Wednesday, September 5, 2012

Storytelling:Woolgathering 1.2 Exaggerate!

Storytelling: Woolgather & Exercise

by Norah Dooley
Theory and Practice for Storytelling as a 21st Century Skill
(Yeah, I just was not "feeling" the Think&Do title.  And Theory and Practice is too dry, just not me. So I have new title. Woolgathering; it is what I do best! Exercise; it is what I need most.)

Storytelling: Woolgather & Exercise 1.2  Exaggerate!

Those who listen to my bombast know me as the Empress of Hyperbole. I play fast and loose with size, quantity and quality in my storytelling.  I try not to do so when I write but in the heat of speaking moments, 'once'  may become become 4xs  and big becomes giant and salt should be liberally applied. Really no point in checking my facts if I am telling a story - I shade, stretch and distort with the best of them. I know I am employing hyperbole "exaggerated statements or claims not meant to be taken literally.  And people, g_d help 'em, do listen so I know it works.  Here is wool and wisdom gathered on the subject of exaggeration.

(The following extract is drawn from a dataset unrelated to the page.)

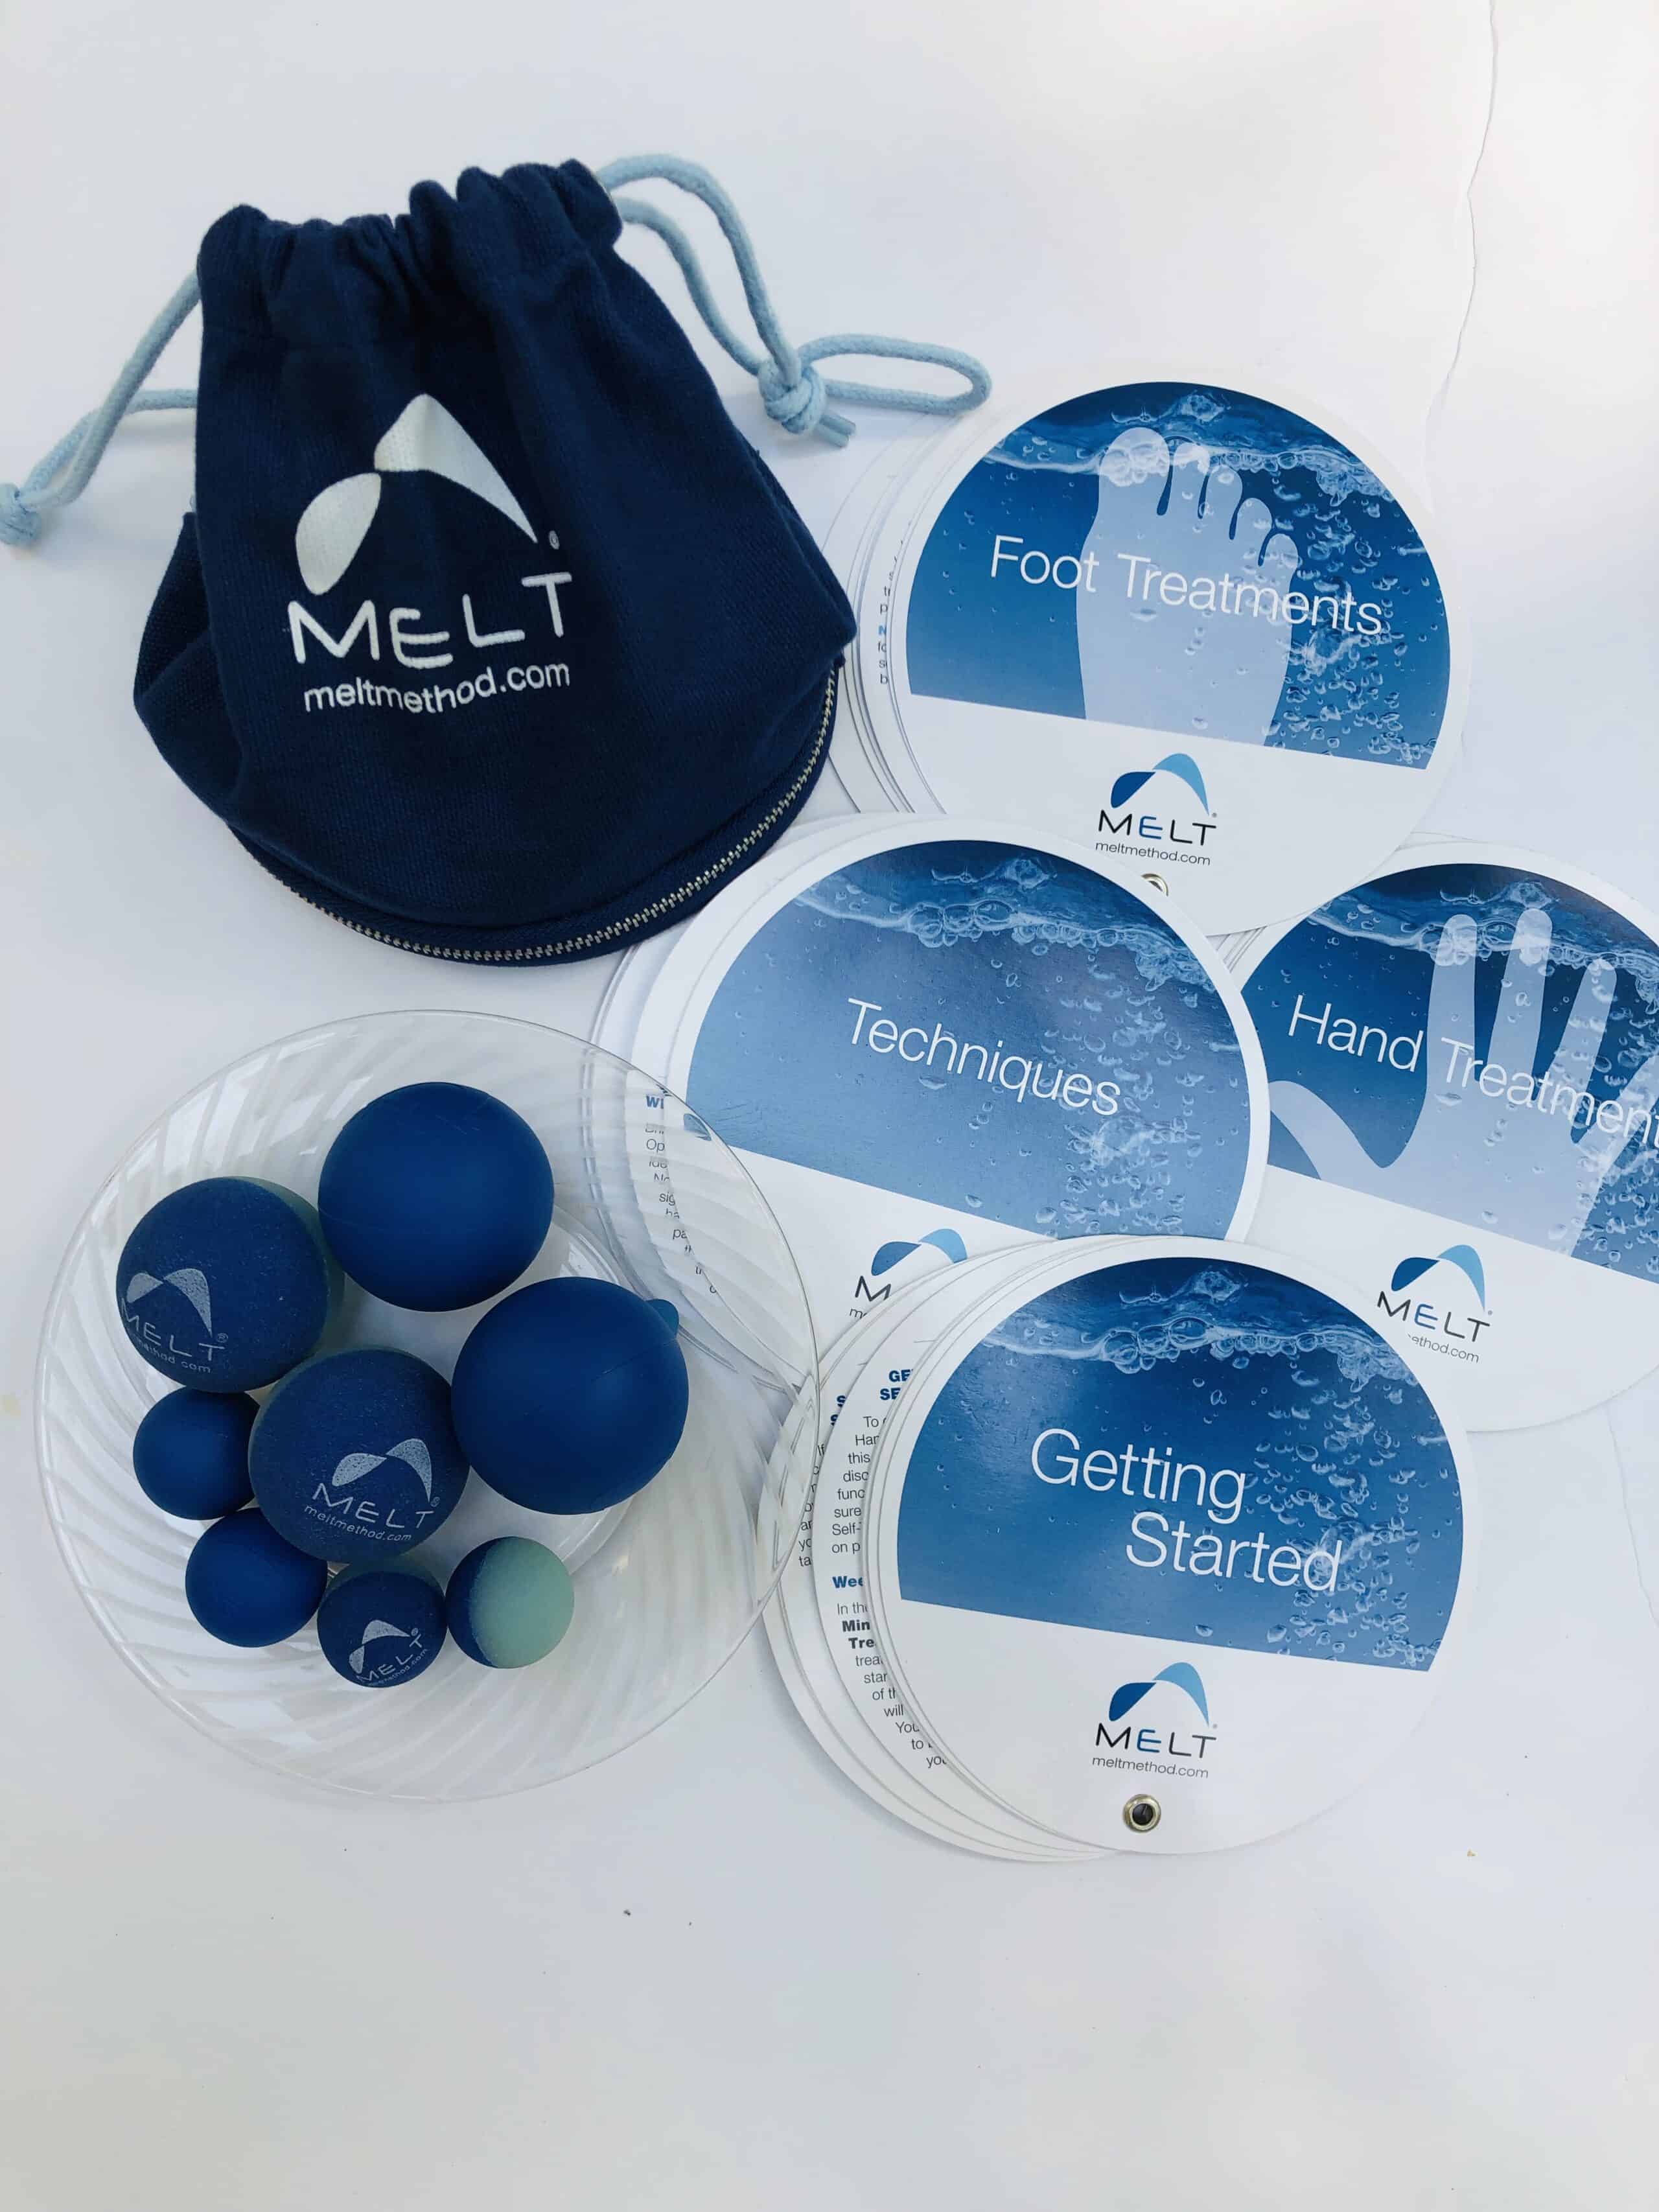 What is MELT? - MELT Method

  In his post FOUR rules I practice in storytelling: Brian C. Hughes, Senior Pastor + Blogger says

Creative Whack Pack
“I cannot tell you how many people have asked me, "Was that story you told yesterday actually true?" I guess it was so outrageous that it was pretty hard to believe. The answer is: Yes. It's true. And I thought it would provide a good opportunity for me to talk a little about storytelling as illustration in any kind of public speaking - whether it's a sermon or a lecture or a speech…

1) Exaggeration is ok. Most of the time, I look for ways to insert an absurdity. Strategically placed, these accomplish 2 things: 1- they make the story fun and funny, 2- absurdities tell the listener, "that part is an embellishment." In this particular story, I said something like, "I was so mad, I pumped iron like the old Arnold..." Well, that's clearly not true. But it's also clearly an embellishment. It's so absurd that it cannot possibly be true.

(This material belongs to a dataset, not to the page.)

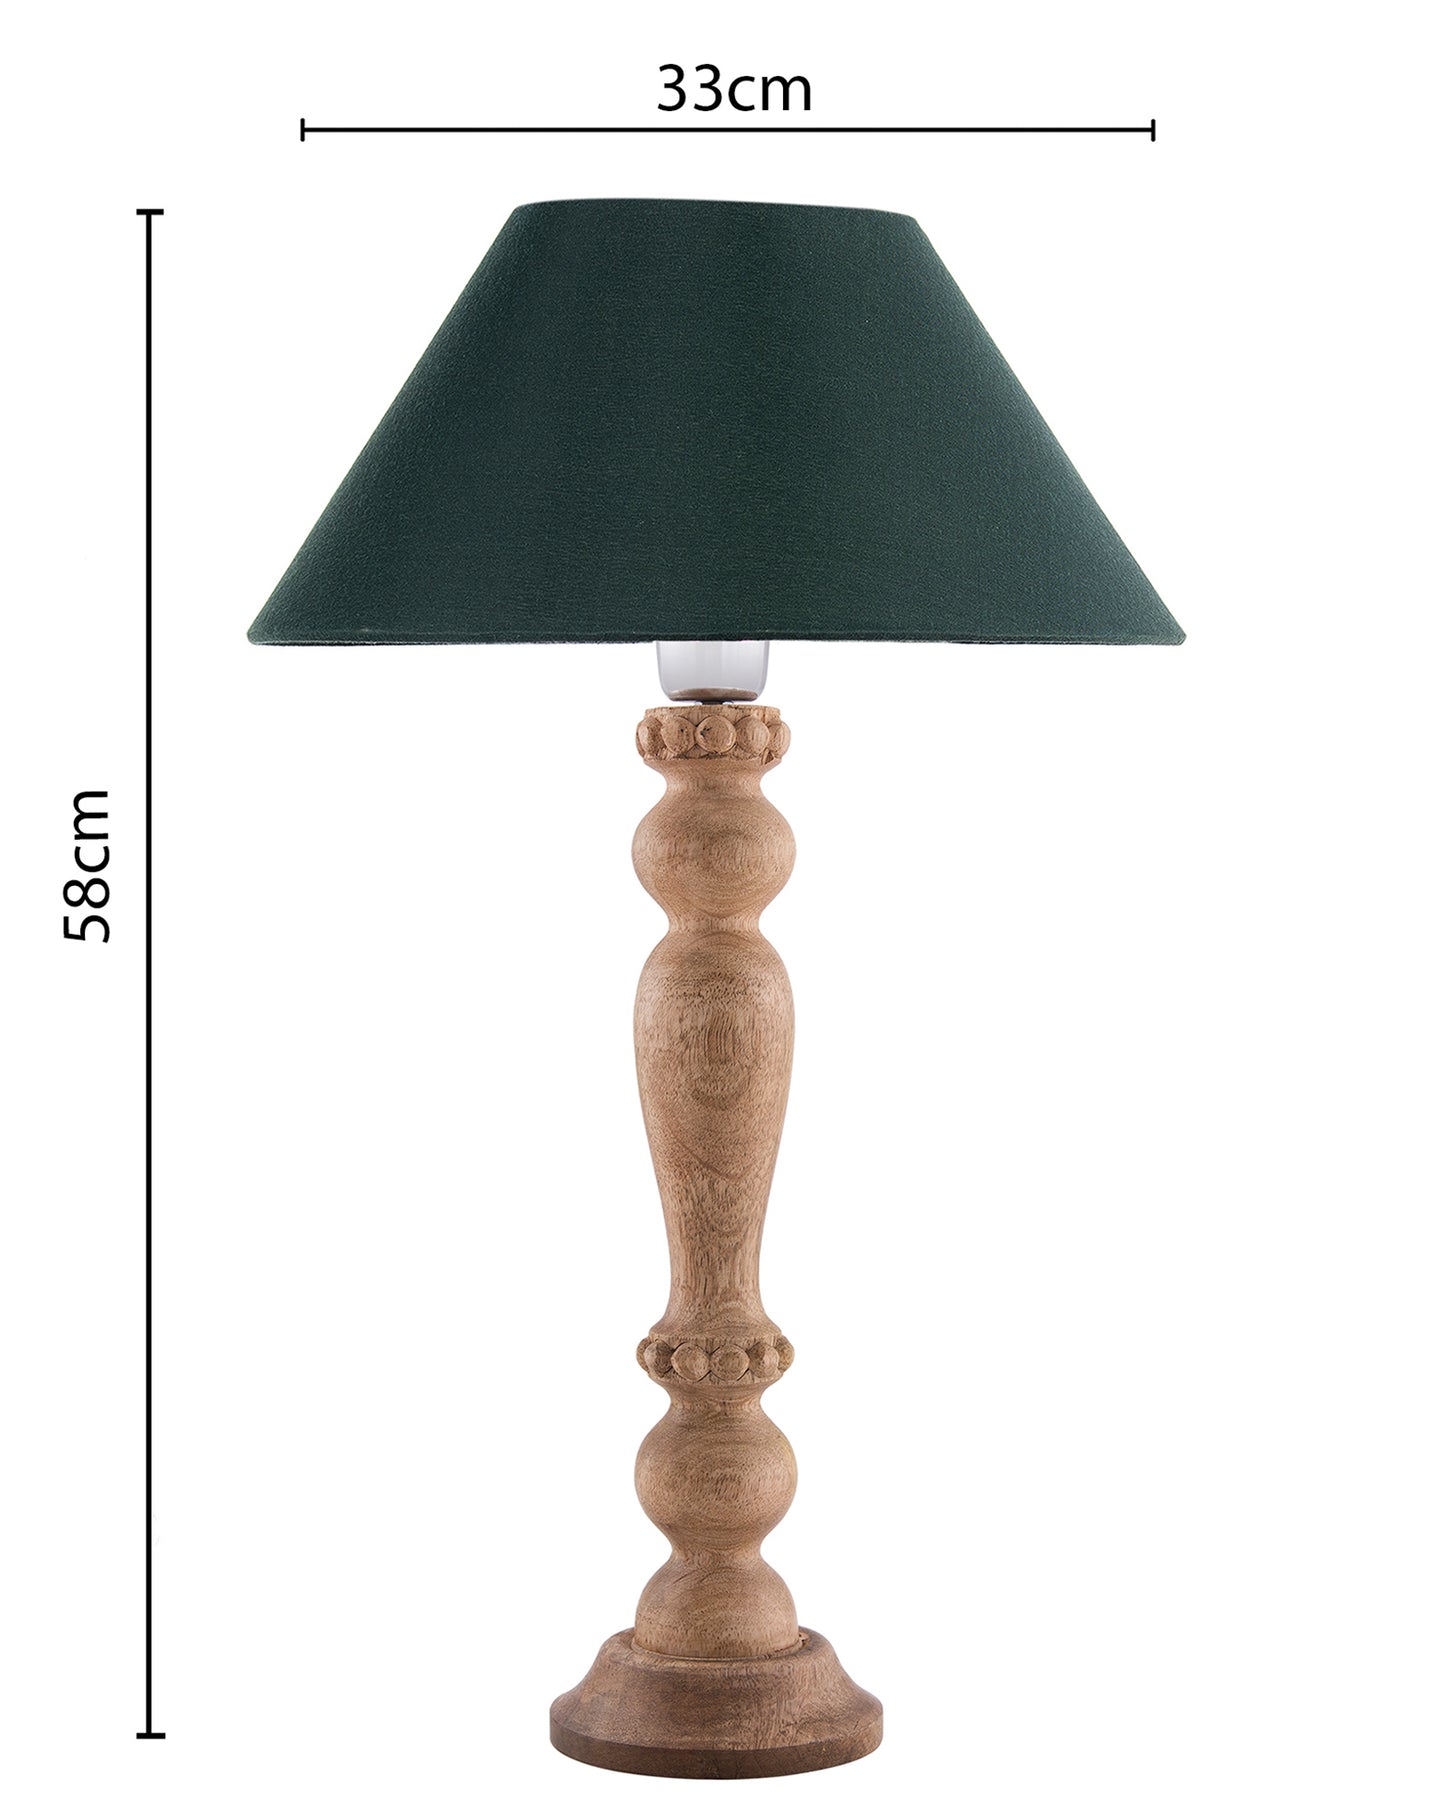 Eureka Polka Natural Wood Table Lamp With Shade

Where Pastor Hughes is very careful about his exaggeration, I think that in a short story like a 5 minute slam story it is sometimes necessary to distort story elements to get your meaning across. Is this alright? I say, yes. Is it truthful?  Well, no. But is it dishonest - to you intend to deceive and make people think particular details are true for some ego gratifying purpose? I think this is crucial. Since storytelling is an art - not journalism, we need to have room to create.  Exaggeration as a brainstorming tool can lead amazing results. 

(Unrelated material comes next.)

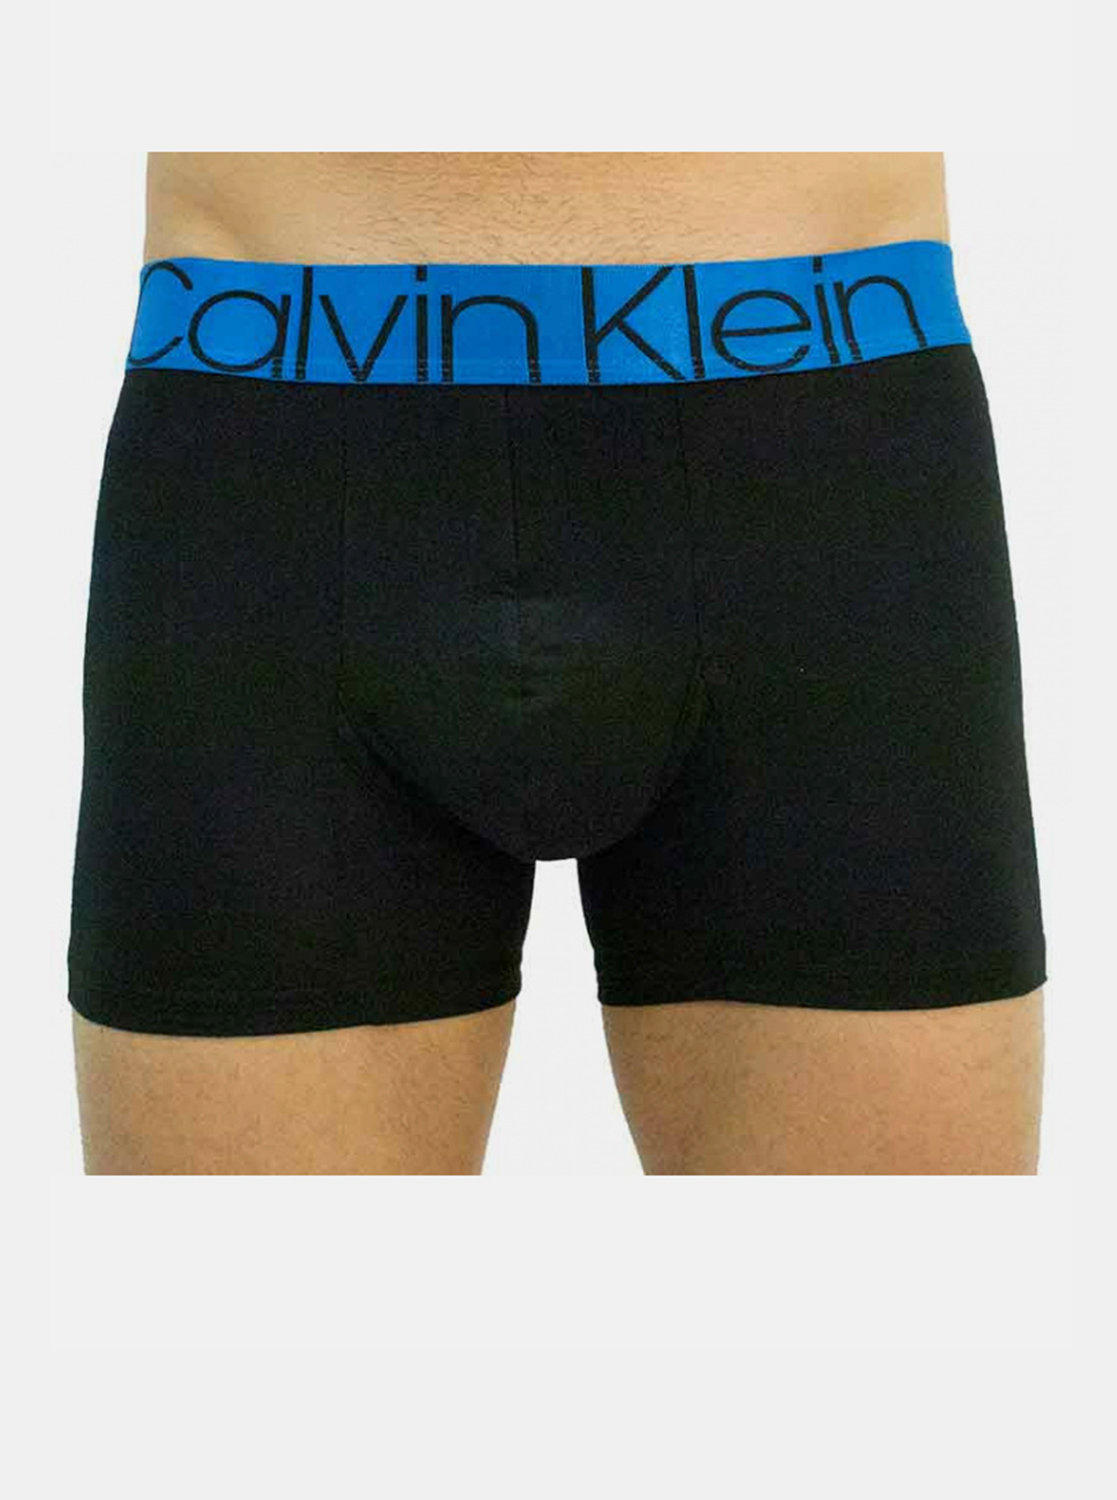 Fotografie Pánské boxerky Calvin Klein černé

Exercise:  1.2  Exaggerate!

1. In any story you want to tell try adding an exaggerated detail at the beginning and end of your story. Tell your whole story with and without the detail (to a live listener or record it) Ask for specific feed back. Does the new detail distract from your intended meaning or heighten it? Does it add some panache to your performance or does it call too much attention to itself?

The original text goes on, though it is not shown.